Корсаков наказал Чагину закрыть дверь и никого не пускать. Владимир понимал, что затея эта бессмысленная – в училище остались только испуганные юнкера в своей спальне, ротмистр, Красовский, Белов и он сам. Кто может заглянуть в комнату полковника? Кто вообще захочет это сделать, зная, что там лежит?
Вместе с Красовским он переместился в гербовый зал. Украшенное к Рождеству помещение с елью по центру сейчас выглядело издевательски празднично.
– Это вы нашли Панина? – спросил Корсаков.
– Да, – подтвердил врач. – Я попросил Белова приглядеть за Свойским в лазарете и пошел к полковнику.
– Зачем?
– Спросить, остается ли в силе праздничная служба. Вы сами видите, какая там вьюга. Я опасался, что отец Василий до нас не доберется.
– Значит, Белов и Свойский остались у вас… А где был Чагин?
– У себя, в дежурке. Я позвал его, когда обнаружил Николая Сергеевича.
– А местонахождение юнкеров могу подтвердить я, – кивнул Корсаков. – Значит, пока что мы не знаем, где находился и что делал наш дорогой ротмистр…
– Неужели вы подозреваете… – начал доктор.
– Алексей Осипович, убиты начальник училища и его заместитель. Простите, но мне сложно поверить в то, что неизвестный злоумышленник дважды проник к вам извне. Боюсь, что убийца сейчас здесь, в этом училище, и находился тут с самого начала.
– О господи… – прошептал полненький врач.
– Позвольте вопрос: кто такой этот «он», о котором говорил Панин? Откуда он вернулся?

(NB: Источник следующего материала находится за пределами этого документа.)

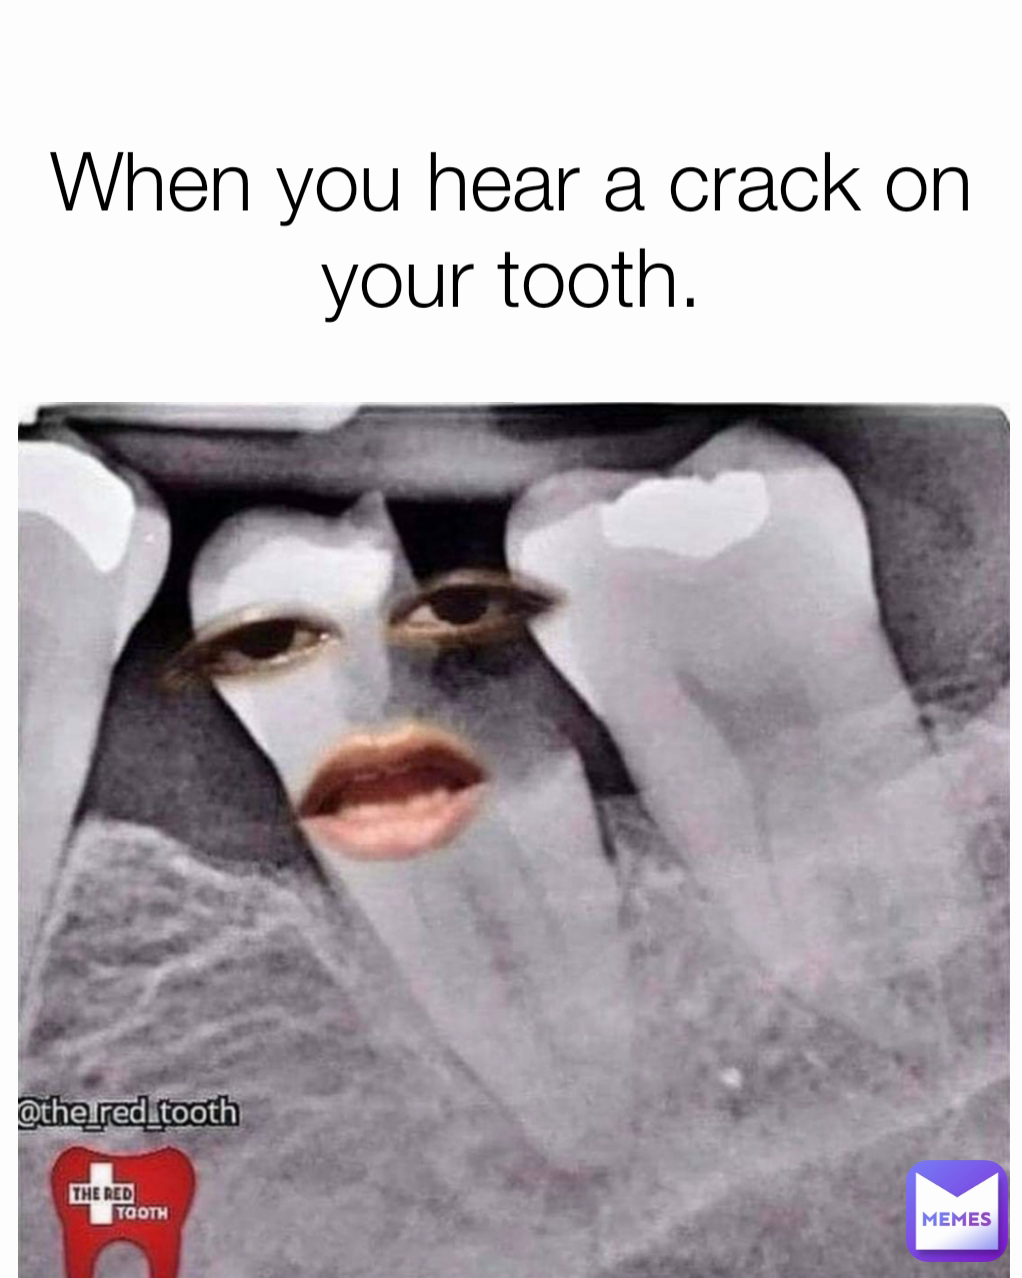 When you hear a crack on your tooth.

– Неважно. Это невозможно. Просто бред умирающего.
– Алексей Осипович, – Корсаков подошел вплотную к Красовскому и навис над ним. – Я видел фотографию в кабинете генерала. Два человека с нее уже погибли. Легко предположить, кто должен стать третьей жертвой, ne s’est pas? [42] Когда я попытался спросить Панина, кем был четвертый офицер с дагеротипа, он побледнел и послал меня вон. Поэтому прошу вас, будьте откровенны. О ком говорил Панин?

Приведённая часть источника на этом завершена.